Multi-Purpose Household Robot
A fully ROS-integrated mobile robot for everyday household tasks — autonomous navigation, vacuum cleaning, and deep-learning abilities like human following and threat detection.
A fully ROS-integrated mobile robot designed and fabricated to help with the day-to-day activities of an average household. The bot autonomously navigates indoor environments using vision data from an onboard RGB-D camera and is equipped with a vacuum-cleaning system. Beyond navigation, it uses deep-learning algorithms for human following, face recognition, and threat detection — with applications ranging from baby monitoring to security and surveillance.
Simulation
We first designed the bot in SolidWorks and conducted tests such as airflow analysis to determine its durability and performance. We then exported the model as URDF into the Gazebo physics simulator, where we tested all our navigation and machine-learning algorithms.
Hardware Design
The CAD model was created in SolidWorks, and a URDF was generated considering the motion along all controllable links to be simulated in ROS. The vacuum system is based on a centrifugal pump. We conducted two tests to ensure the bot’s functioning:
- Airflow (CFD — Computational Fluid Dynamics)

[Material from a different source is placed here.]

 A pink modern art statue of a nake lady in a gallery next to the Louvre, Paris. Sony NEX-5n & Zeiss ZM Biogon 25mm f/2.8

- Stress Analysis (FEA — Finite Element Analysis)
Features
Autonomous Navigation — using onboard RGB-D camera data with the ROS Navigation Stack, the bot can perform:
- Teleop control — manual keyboard control.
- Exploration — autonomously map a new household.

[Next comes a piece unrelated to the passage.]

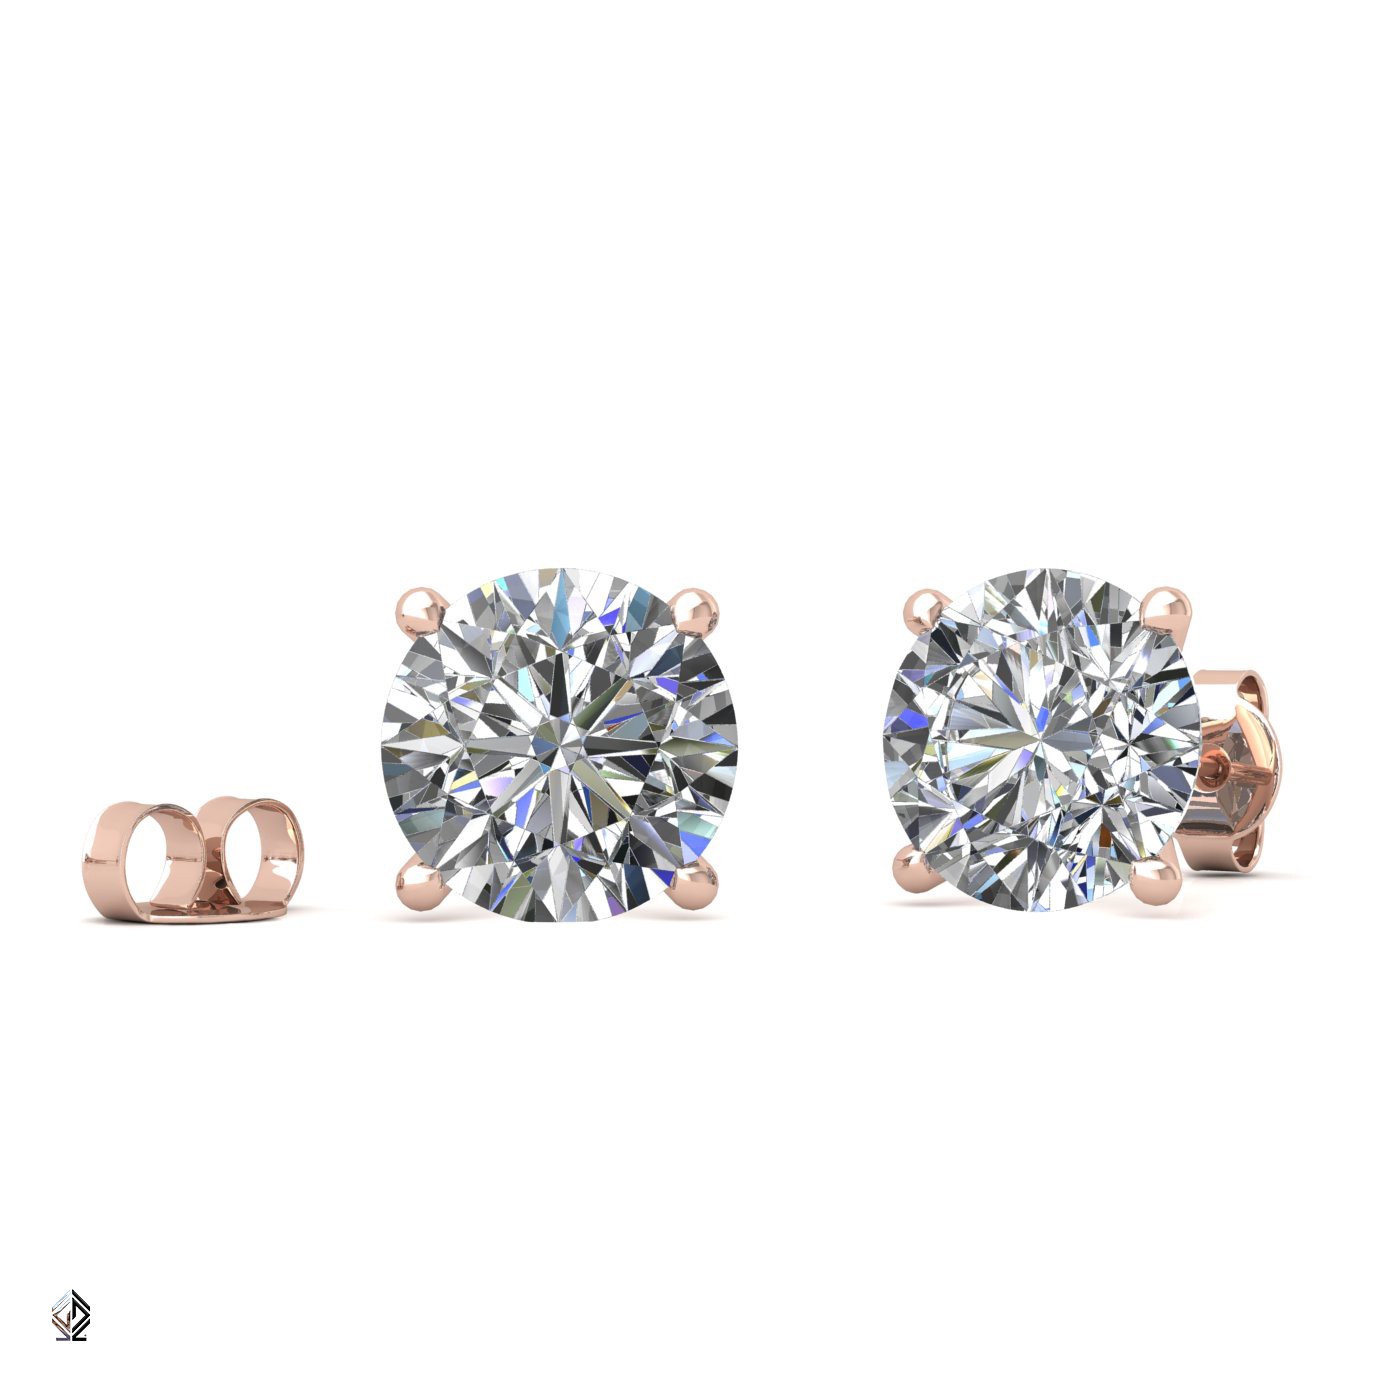 18k rose gold 0,5 ct each (1,0 tcw) 4 prongs round cut classic diamond earring studs Photos & images

- Navigation — navigate the house while avoiding static and dynamic obstacles.
- Autonomous coverage — cover and clean the house with its vacuum mechanism.
ML Integration — deep-learning models enable:
- Baby following — estimate the baby’s position and follow its center while constantly monitoring it.
- Threat detection — detect potential threats (e.g., knives) using object detection.
- Human recognition — recognize known faces and trigger an alarm for unknown/blacklisted persons.
Hardware
We fabricated the bot using the following components: NVIDIA Jetson Nano, STM32 microcontroller, 12 V DC motors, an L293D motor driver, a 5500 mAh 12 V battery, and a 5 V 10000 mAh power bank.